* _WHAT TO PRODUCE_: The required output is the exact run of lines below that opens at the line with "Schweiz: 1860/1970 (ca.), vielseitige" and closes at the line with "Jornades Interdisciplinars Catalanes".

SOURCE DATA below:

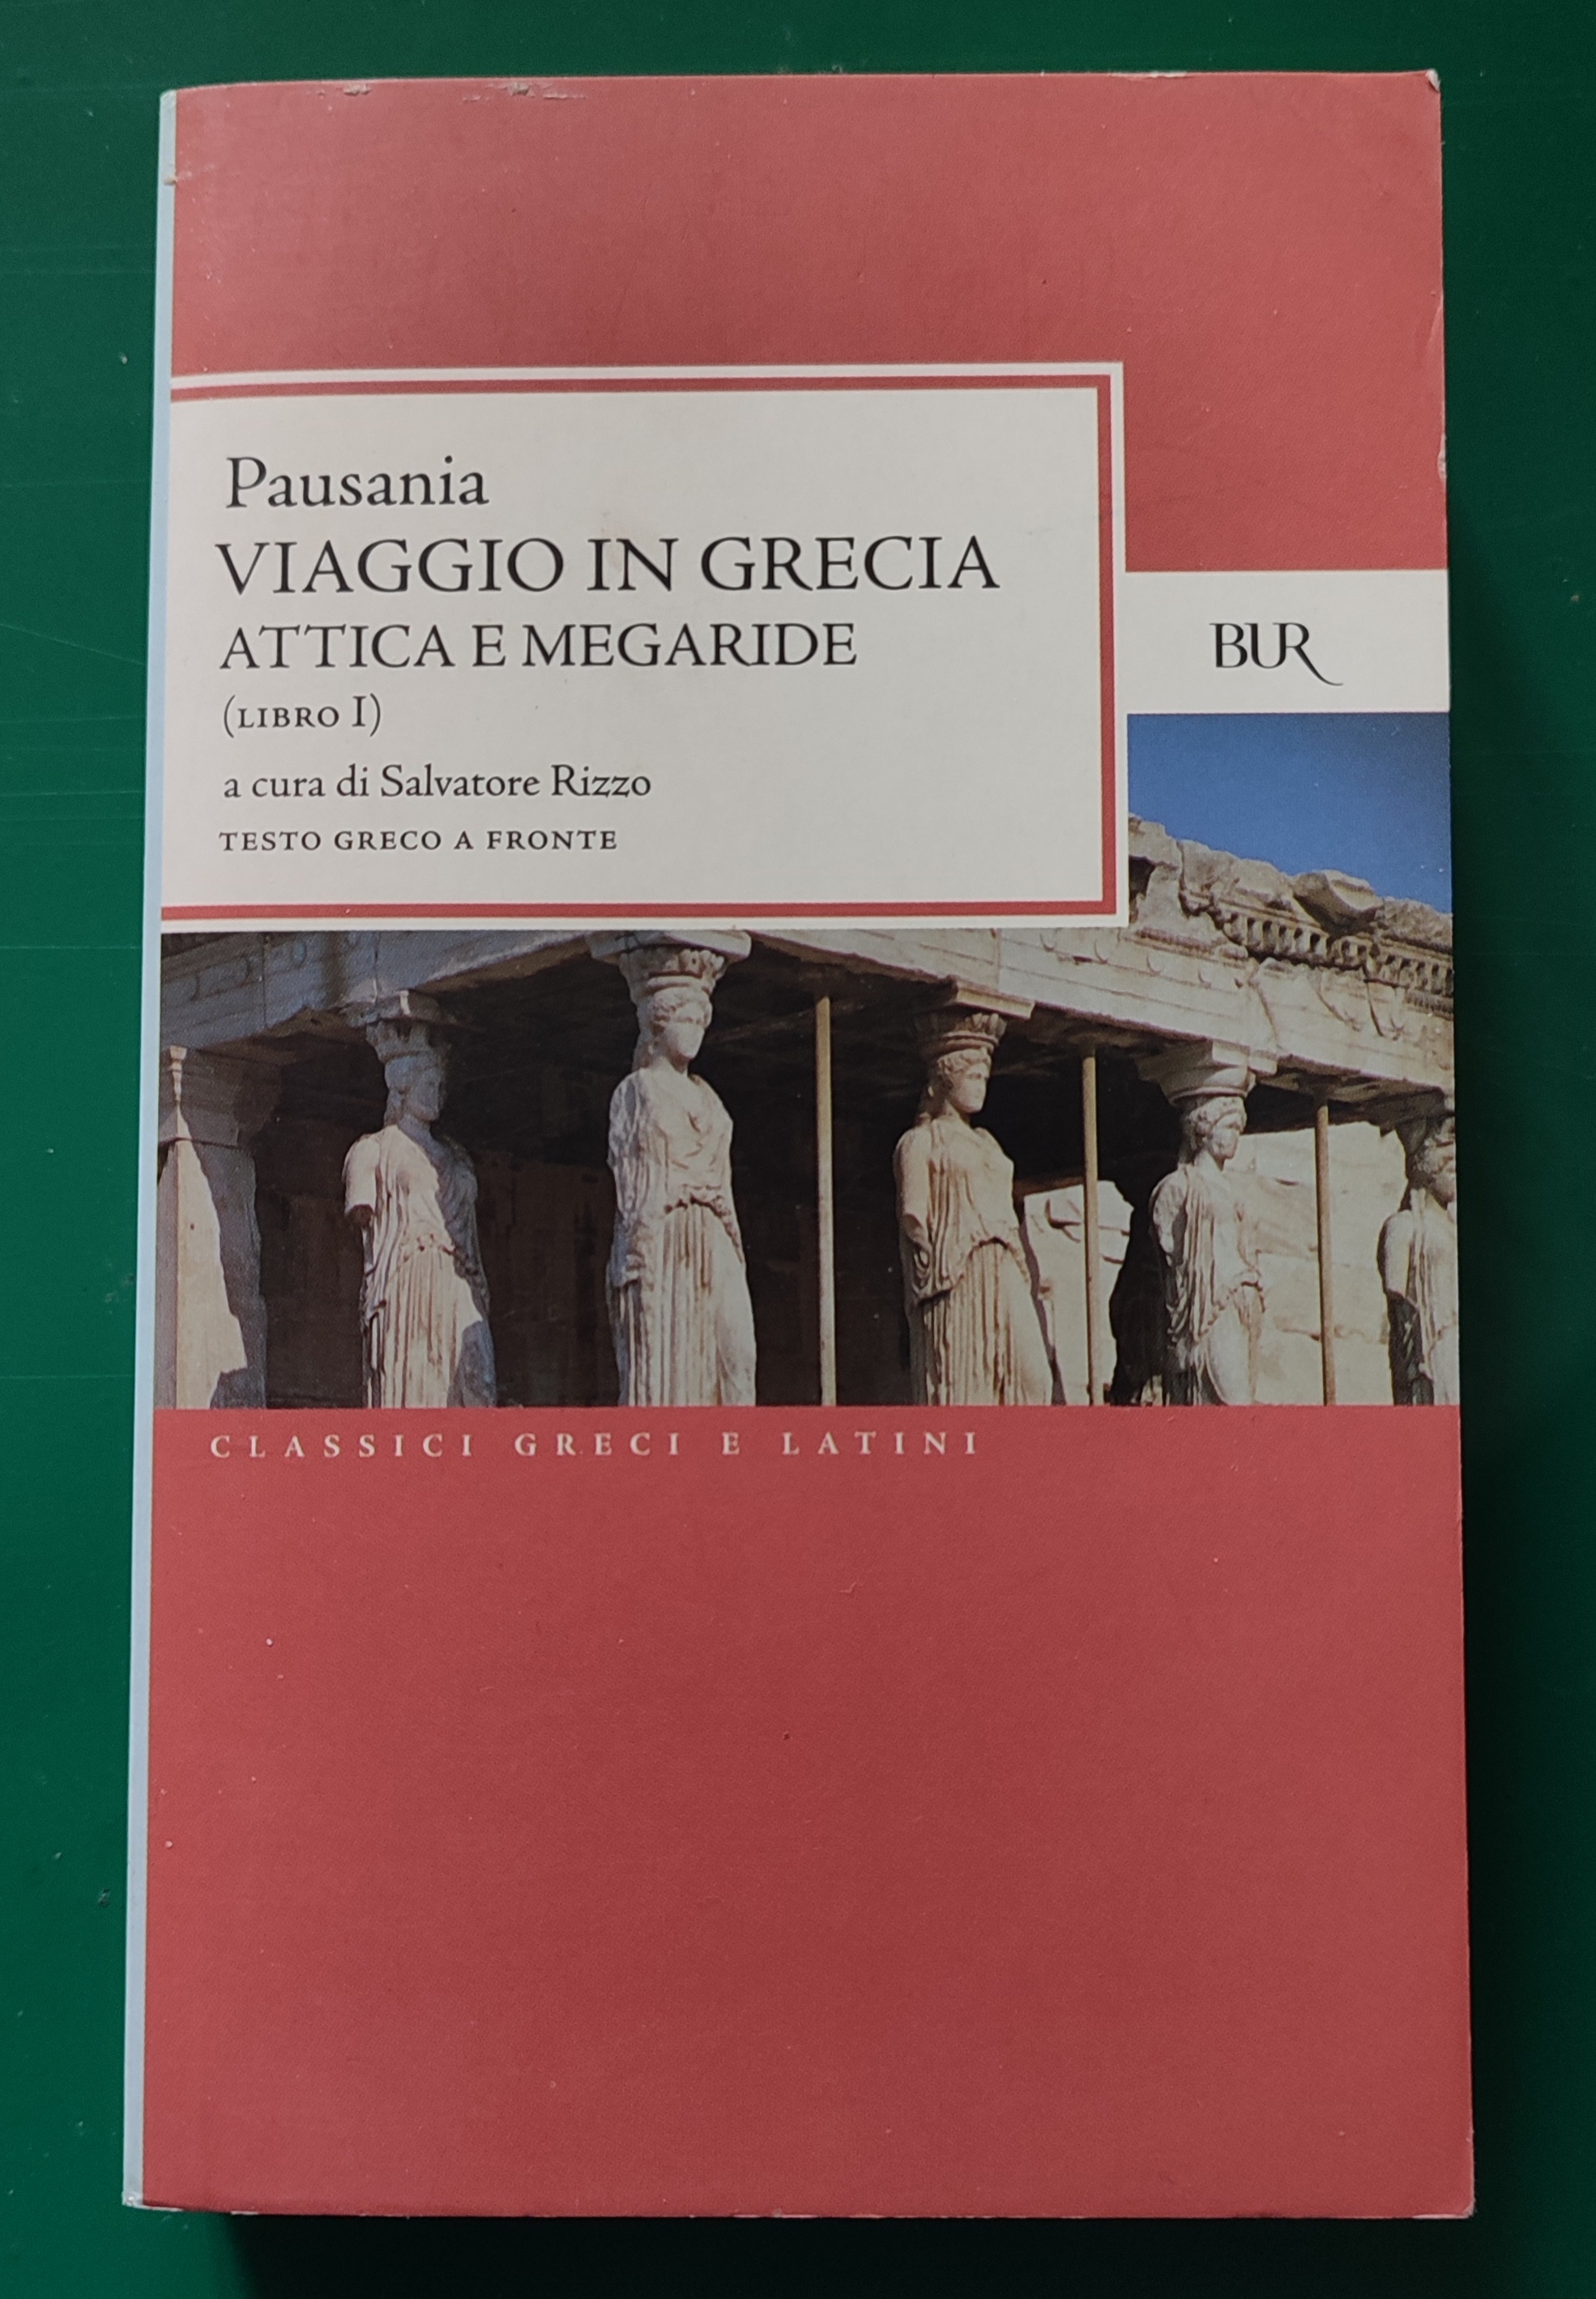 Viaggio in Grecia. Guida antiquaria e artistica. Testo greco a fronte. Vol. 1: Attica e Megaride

End of SOURCE DATA.
SOURCE DATA below:

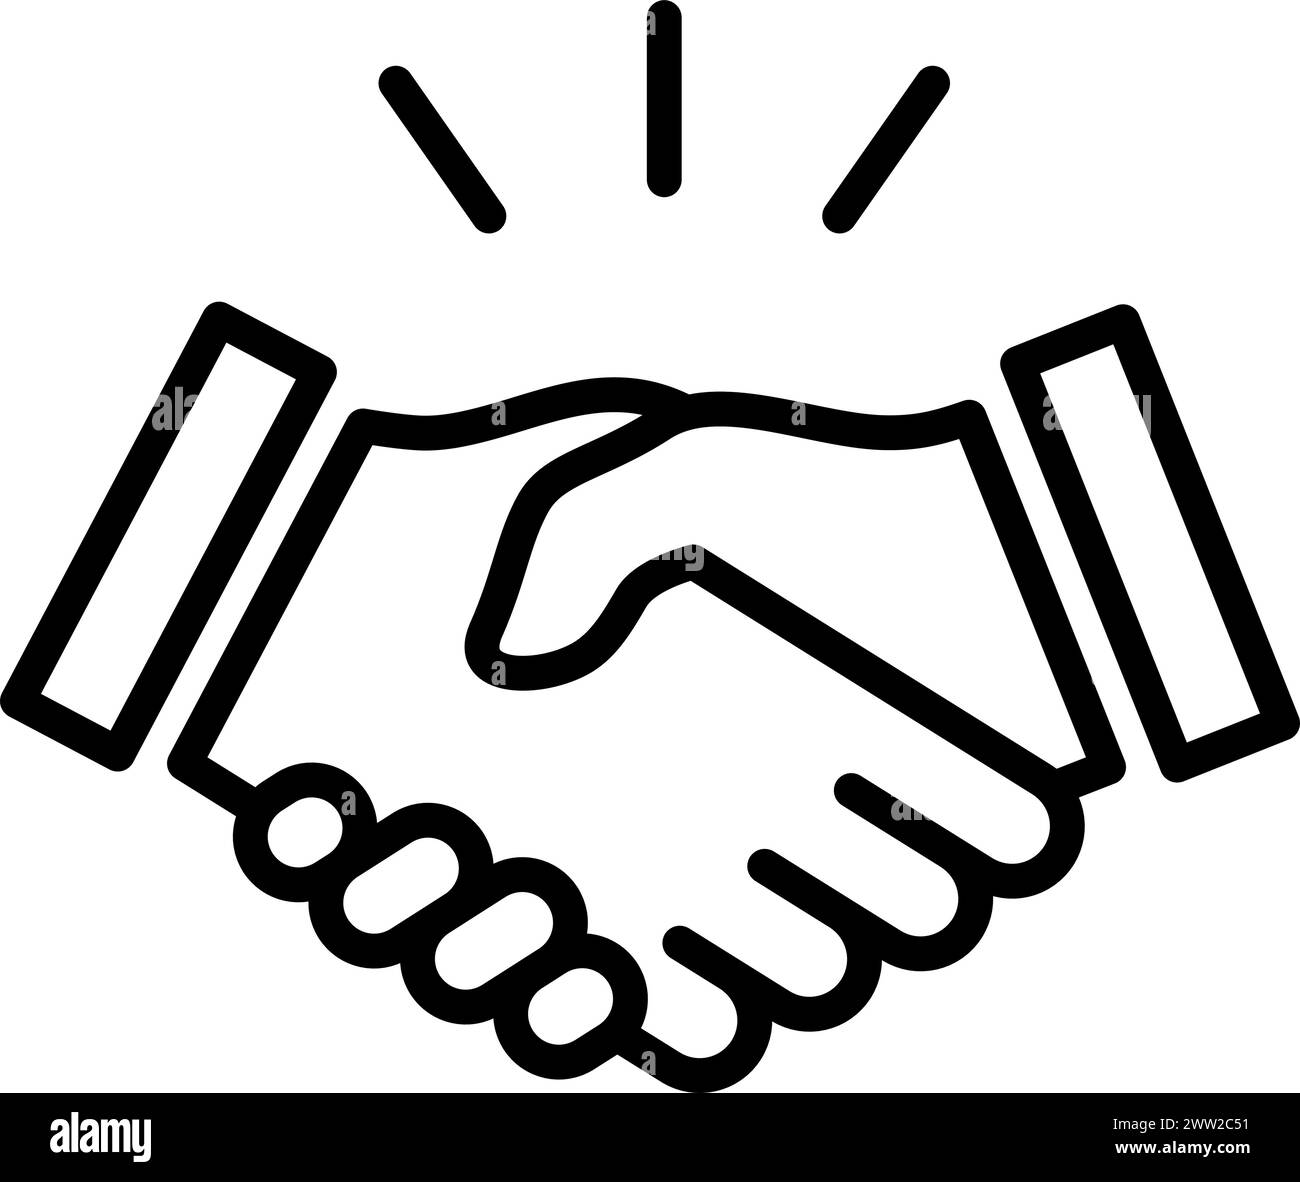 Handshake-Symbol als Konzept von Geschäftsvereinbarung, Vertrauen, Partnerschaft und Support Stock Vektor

End of SOURCE DATA.
SOURCE DATA below:

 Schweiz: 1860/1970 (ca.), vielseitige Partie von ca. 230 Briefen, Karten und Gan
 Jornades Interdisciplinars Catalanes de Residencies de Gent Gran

End of SOURCE DATA.

* _SOLUTION TO THIS PROBLEM_:
 Schweiz: 1860/1970 (ca.), vielseitige Partie von ca. 230 Briefen, Karten und Gan
 Jornades Interdisciplinars Catalanes de Residencies de Gent Gran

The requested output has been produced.